We conducted a cross sectional observational study of inter-rater reliability performed in accordance with the guidelines for reporting reliability and agreement studies (Kottner et al., 2011). The study was approved by Kern Medical Center institutional review board (IRB) (approval #10032). Our IRB did not require written consent from our healthcare providers.


The study was performed at a county hospital teaching emergency department (ED) with emergency medicine residency.


The subjects were 9 board-eligible or certified general emergency medicine physicians, a pediatric emergency physician, three mid-level providers and 21 residents for a total of 34 providers. The patients in the study were children aged less than 24 months who presented to the ED with a chief complaint of fever, or a rectal temperature of at least 38 °C at triage.


Eligible patients were identified by research assistants (RA) or physician investigators. RA coverage was typically available 12–16 h a day, seven days a week including at night and holidays. We enrolled a convenience sample between February 2012 and April 2013 inclusive. Enrollment could be performed only when trained research staff or investigators were immediately available. RAs identified potentially eligible patients based on their presenting complaint recorded at triage. The RA obtained verbal consent from the parents and provided the parents with informational brochure describing the study in lieu of written consent. After this the RA waited with the patient until the provider arrived to see the patient.
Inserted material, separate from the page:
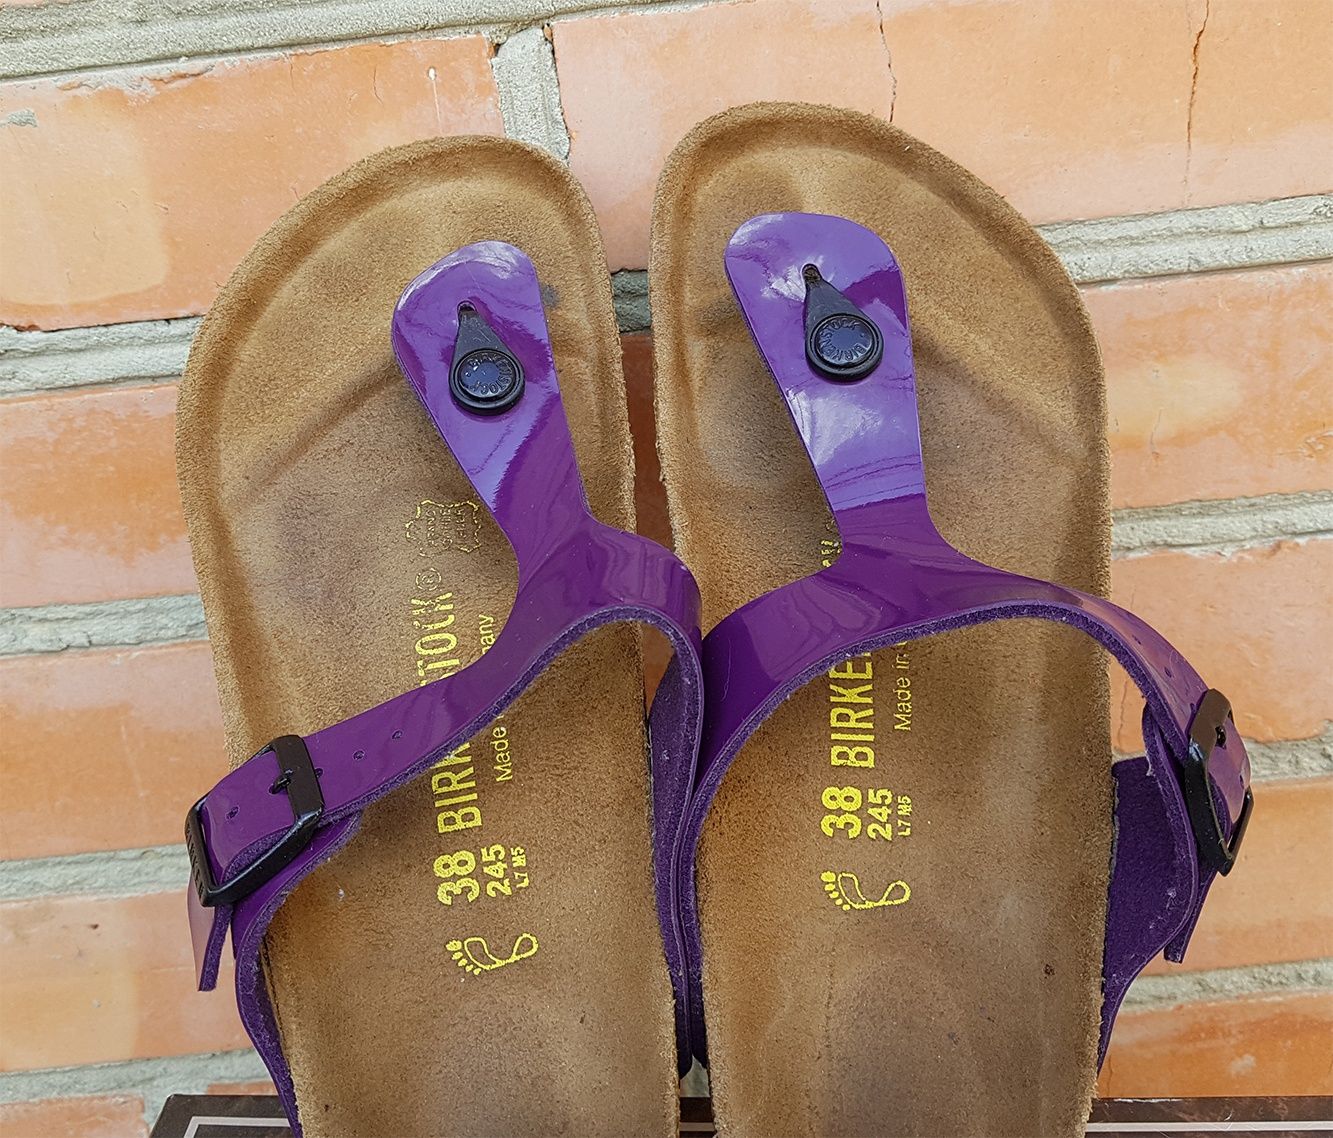 BIRKENSTOCK шлепанцы сандалии кожаные Германия ОРИГИНАЛ (38) фиолет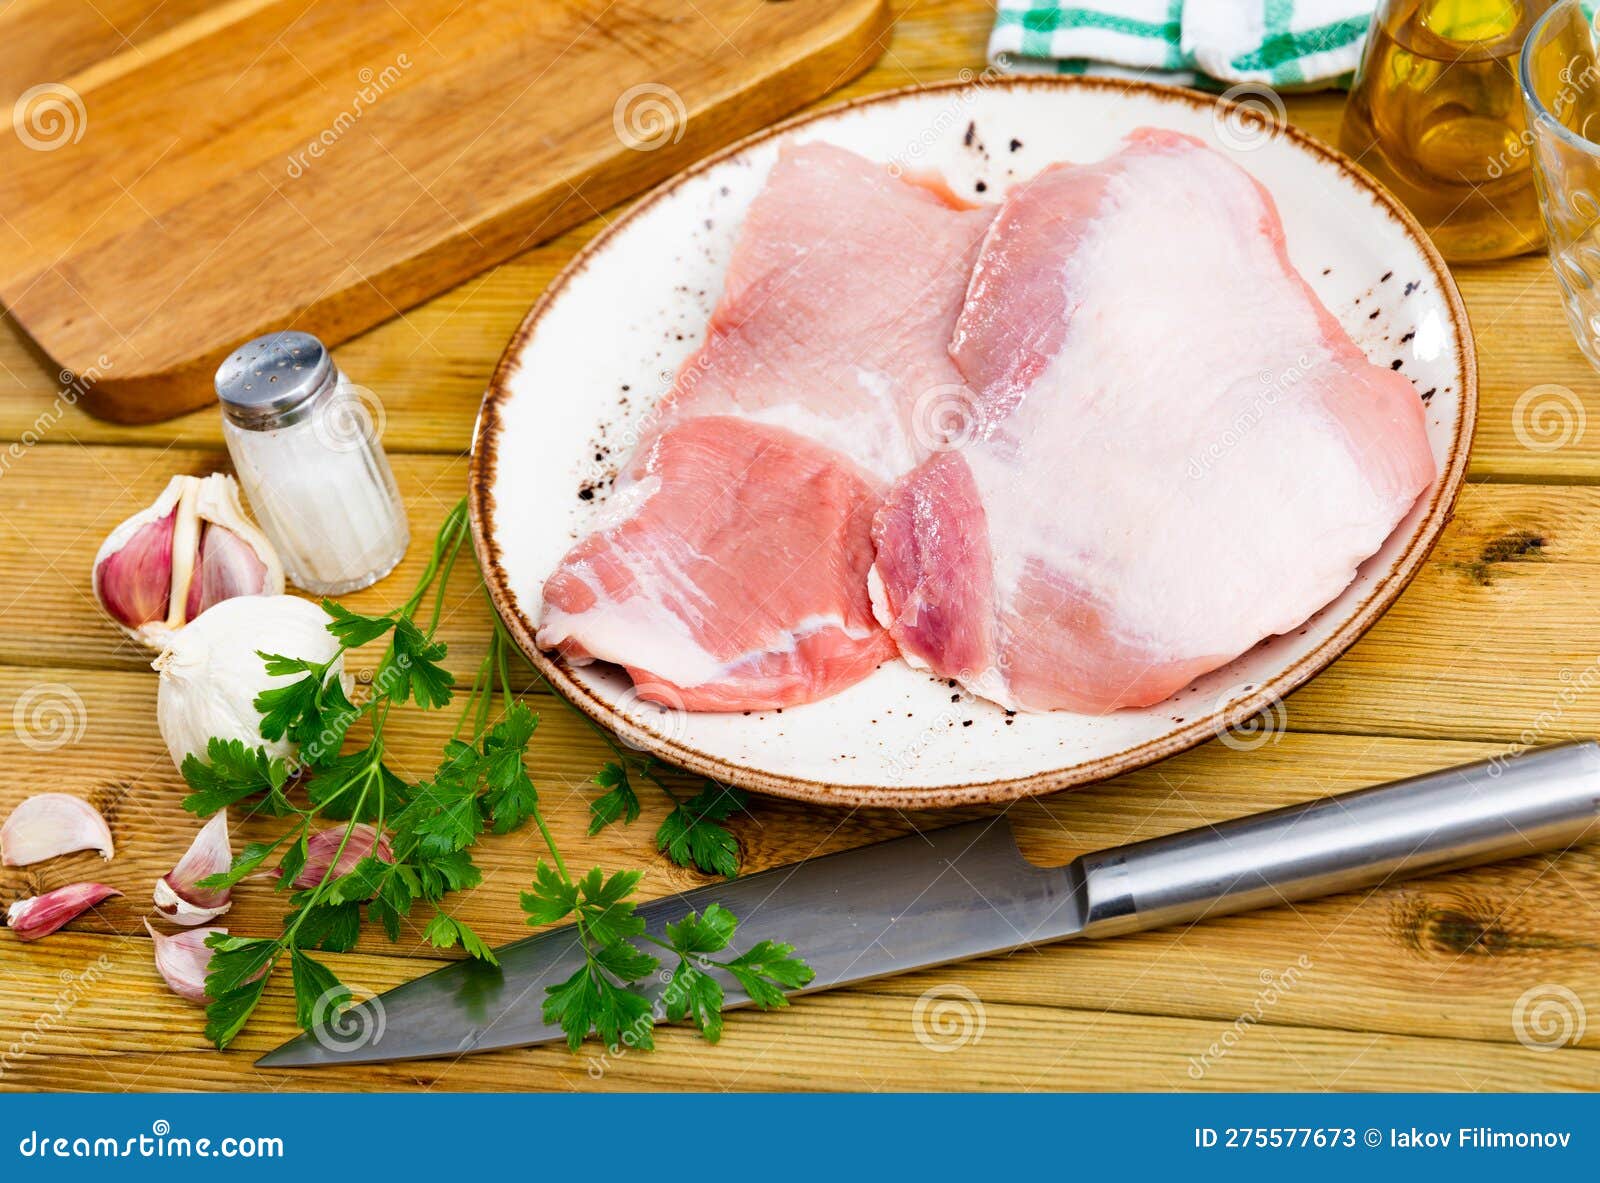 fresh raw pork secreto steak and spices prepared for cooking

This provider was identified as the first rater. The provider was asked then handed his/her datasheet and asked provide their immediate ‘gestalt’ assessment of whether they felt the child was ‘ill’ or ‘not ill’ appearing or if the provider was ‘unsure’. The provider was then asked to complete their physical examination and again answer whether they felt the child was ‘ill’ or ‘not ill’ appearing or if the provider was ‘unsure’. The provider was not allowed to change their original assessment following the examination. The examination to be performed was not prescribed, rather, physicians were asked to complete the physical examination they would normally do for this child.

The RA then identified a second provider. When doing this the RAs were instructed to approach the first available other provider. This was to prevent bias that could occur if RAs were allowed to choose providers who they found more approachable. The process was repeated for the second provider. Neither provider was allowed see the other’s data sheet or discuss the case prior to the second evaluation.

The RAs were instructed to encourage the second provider perform his or her evaluation within 10 min of the first. Because this would often not be possible we recorded the time each evaluation was started for later sensitivity analysis. We did not record the amount of time each provider took to complete their evaluation to allay possible provider concerns that such information might be re-used in other ways. We also recorded if antipyretics were given prior to the first rater’s evaluation or between the first and second raters’ evaluations.

The level of training of each provider was recorded by the RA. The final disposition and diagnosis was recorded by the RA at the end of the patient’s ED visit. The data were recorded on two data forms, one for each provider. RAs timed the data sheets and entered the results into a customized database (Filemaker Pro, Santa Clara, CA).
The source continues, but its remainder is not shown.